• WHAT THE TASK REQUIRES: A faithful copy of all the data is required; pictures should not be included.

• GIVEN INFORMATION:
'''
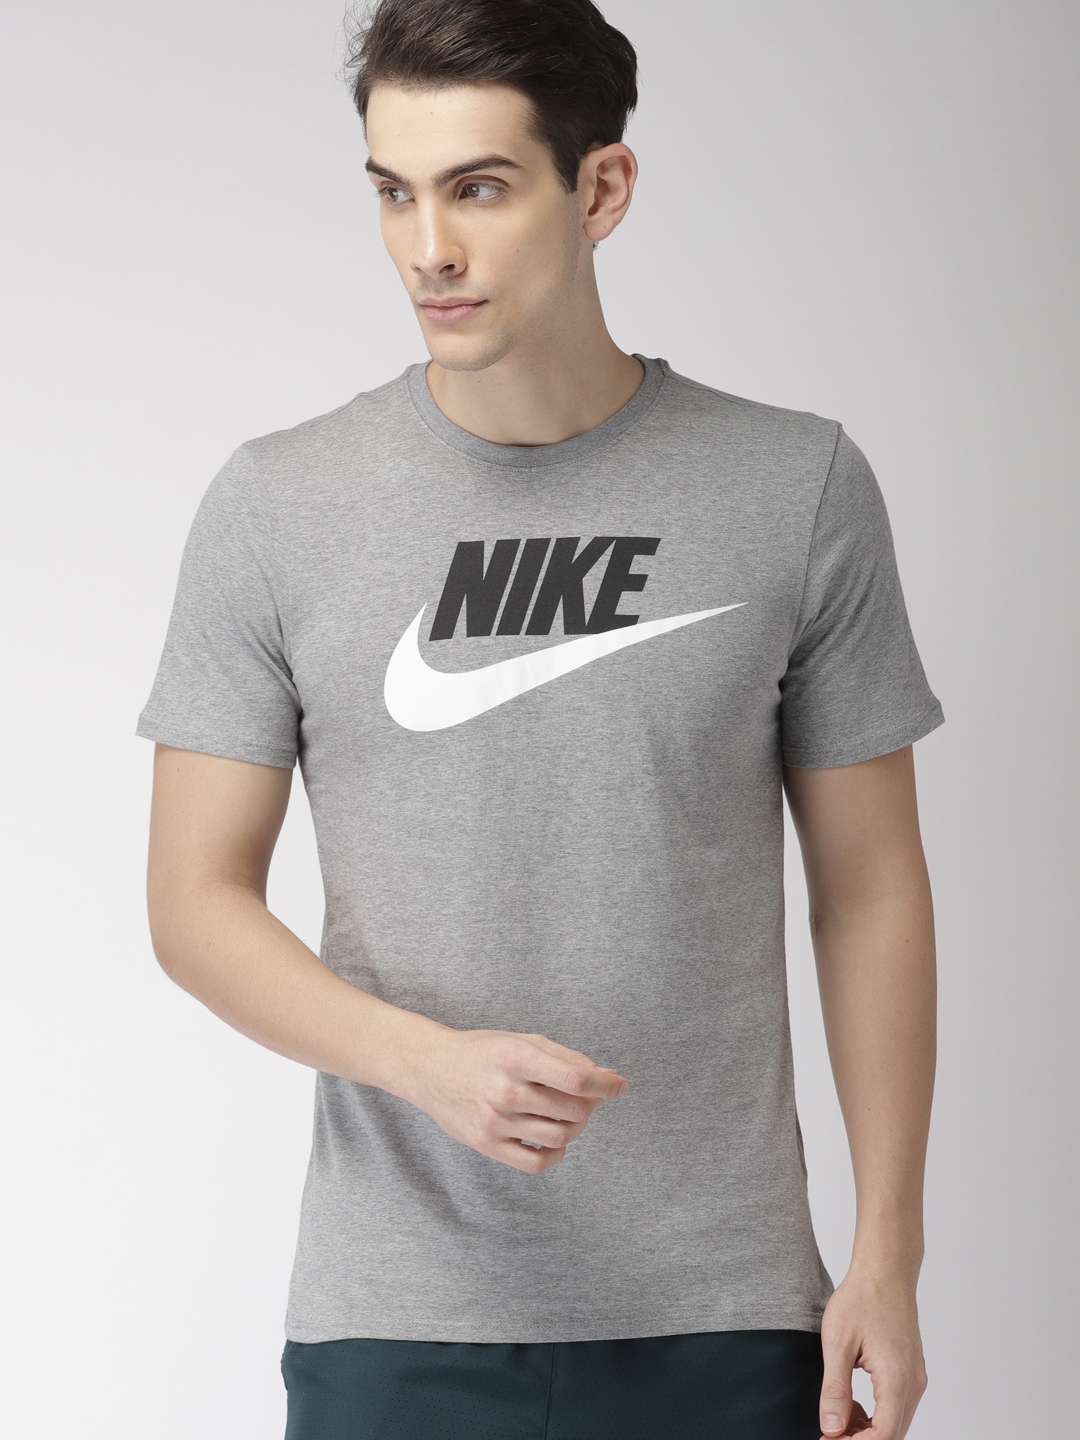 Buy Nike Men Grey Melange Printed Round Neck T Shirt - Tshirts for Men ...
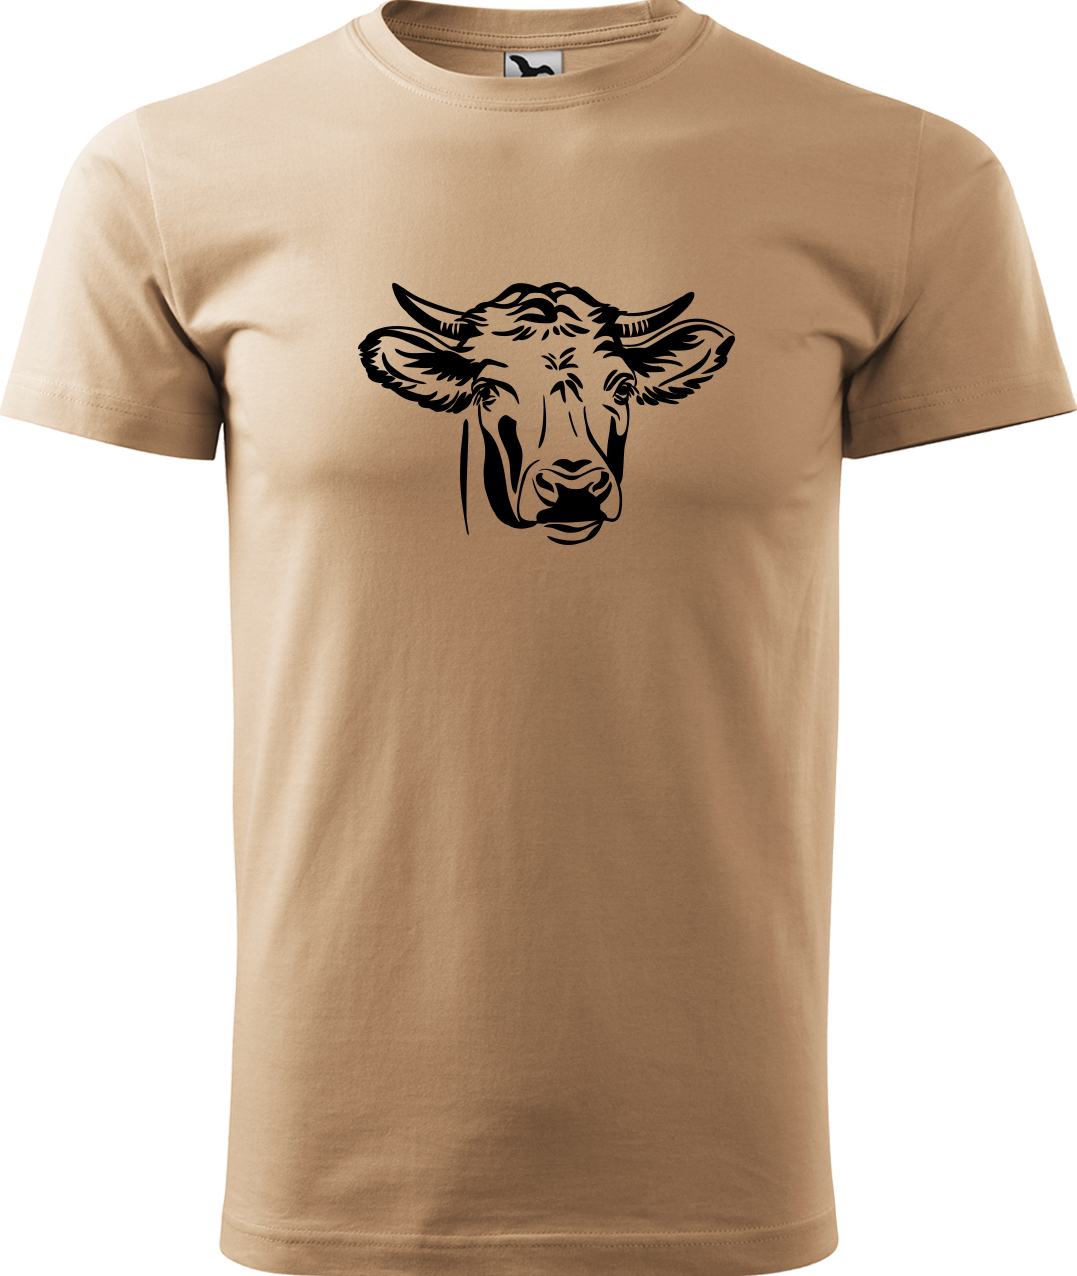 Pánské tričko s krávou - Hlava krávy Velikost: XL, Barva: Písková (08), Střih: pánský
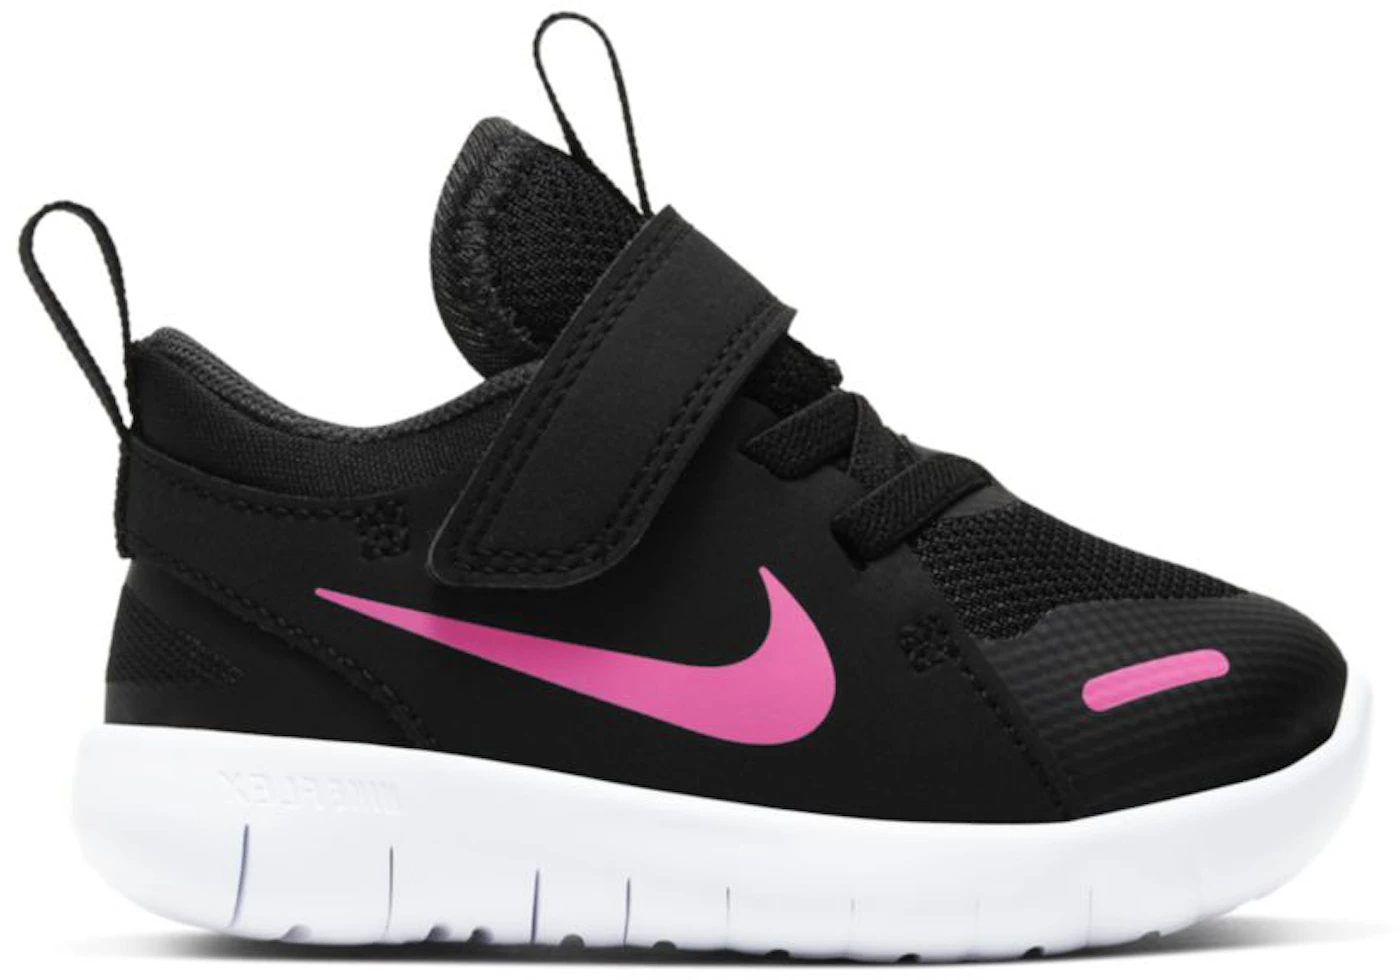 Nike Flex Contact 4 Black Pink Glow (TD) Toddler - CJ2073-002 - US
'''
• OUTPUT:
 Buy Nike Men Grey Melange Printed Round Neck T Shirt - Tshirts for Men ...
 Pánské tričko s krávou - Hlava krávy Velikost: XL, Barva: Písková (08), Střih: pánský
 Nike Flex Contact 4 Black Pink Glow (TD) Toddler - CJ2073-002 - US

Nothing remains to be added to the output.